I'm trying to produce code (currently using clang++-3.8) that adds two numbers consisting of multiple machine words. To simplify things for the moment I'm only adding 128bit numbers, but I'd like to be able to generalise this.
First some typedefs:
typedef unsigned long long unsigned_word;
typedef __uint128_t unsigned_128;
And a "result" type:
struct Result
{
unsigned_word lo;
unsigned_word hi;
};
The first function, f
, takes two pairs of unsigned words and returns a result, by as an intermediate step putting both of these 64 bit words into a 128 bit word before adding them, like so:
Result f (unsigned_word lo1, unsigned_word hi1, unsigned_word lo2, unsigned_word hi2)
{
Result x;
unsigned_128 n1 = lo1 + (static_cast<unsigned_128>(hi1) << 64);
unsigned_128 n2 = lo2 + (static_cast<unsigned_128>(hi2) << 64);
unsigned_128 r1 = n1 + n2;
x.lo = r1 & ((static_cast<unsigned_128>(1) << 64) - 1);
x.hi = r1 >> 64;
return x;
}
This actually gets inlined quite nicely like so:
movq 8(%rsp), %rsi
movq (%rsp), %rbx
addq 24(%rsp), %rsi
adcq 16(%rsp), %rbx
Now, instead I've written a simpler function using the clang multi-precision primatives, as below:
static Result g (unsigned_word lo1, unsigned_word hi1, unsigned_word lo2, unsigned_word hi2)
{
Result x;
unsigned_word carryout;
x.lo = __builtin_addcll(lo1, lo2, 0, &carryout);
x.hi = __builtin_addcll(hi1, hi2, carryout, &x.carry);
return x;
}
This produces the following assembly:
movq 24(%rsp), %rsi
movq (%rsp), %rbx
addq 16(%rsp), %rbx
addq 8(%rsp), %rsi
adcq $0, %rbx
In this case, there's an extra add. Instead of doing an ordinary add
on the lo-words, then an adc
on the hi-words, it just add
s the hi-words, then add
s the lo-words, then does an adc
on the hi-word again with an argument of zero.

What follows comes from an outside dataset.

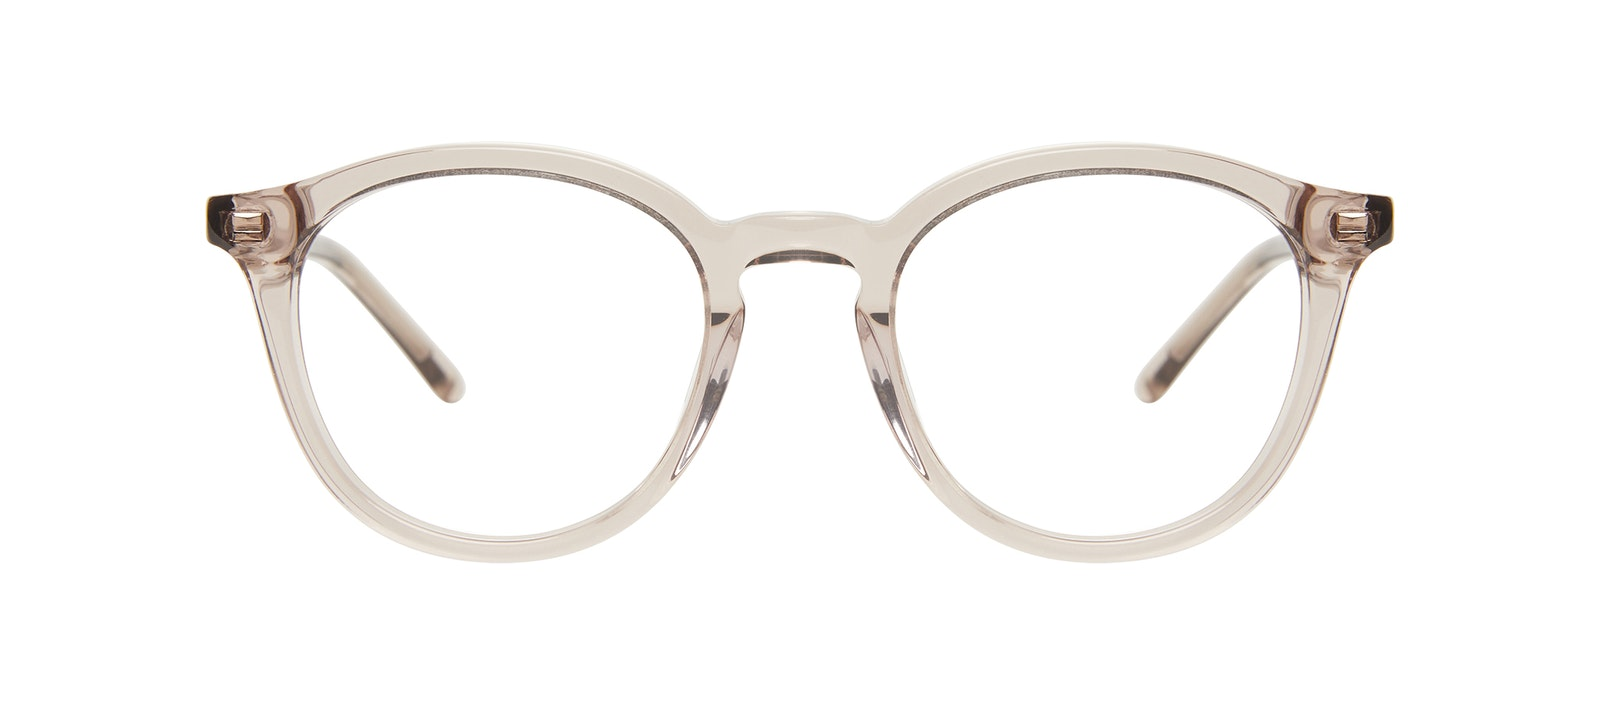 Affordable Fashion Glasses Round Eyeglasses Kids Gent Junior Sand Front
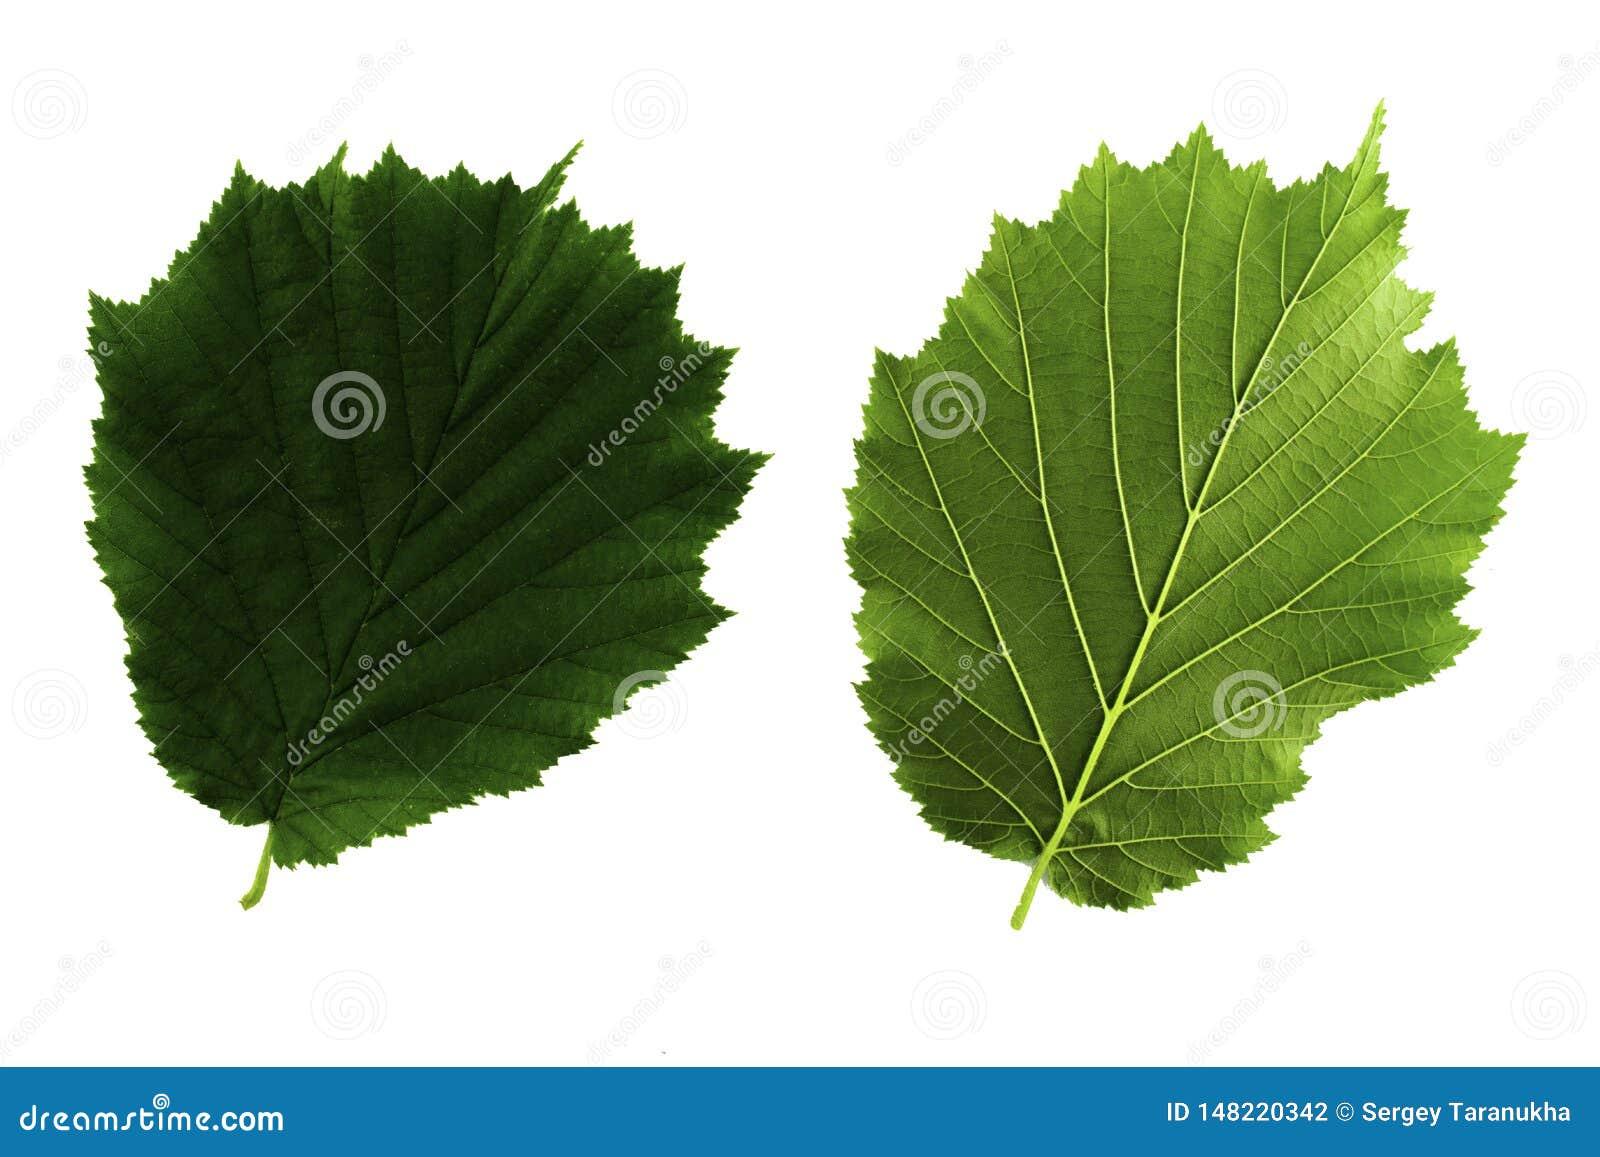 Δύο πράσινα φύλλα της φουντουκιάς που απομονώνεται από την άσπρη πλευρά υποβάθρου, κορυφών και κατώτατων σημείων του φύλλου

This may not look too bad, but when you try this with larger words (say 192bit, 256bit) you soon get a mess of or
s and other instructions dealing with the carries up the chain, instead of a simple chain of add
, adc
, adc
, ... adc
.
The multi-precision primitives seem to be doing a terrible job at exactly what they're intended to do.
So what I'm looking for is code that I could generalise to any length (no need to do it, just enough so I can work out how to), which clang produces additions in an manner with is as efficient as what it does with it's built in 128 bit type (which unfortunately I can't easily generalise). I presume this should just a chain of adc
s, but I'm welcome to arguments and code that it should be something else.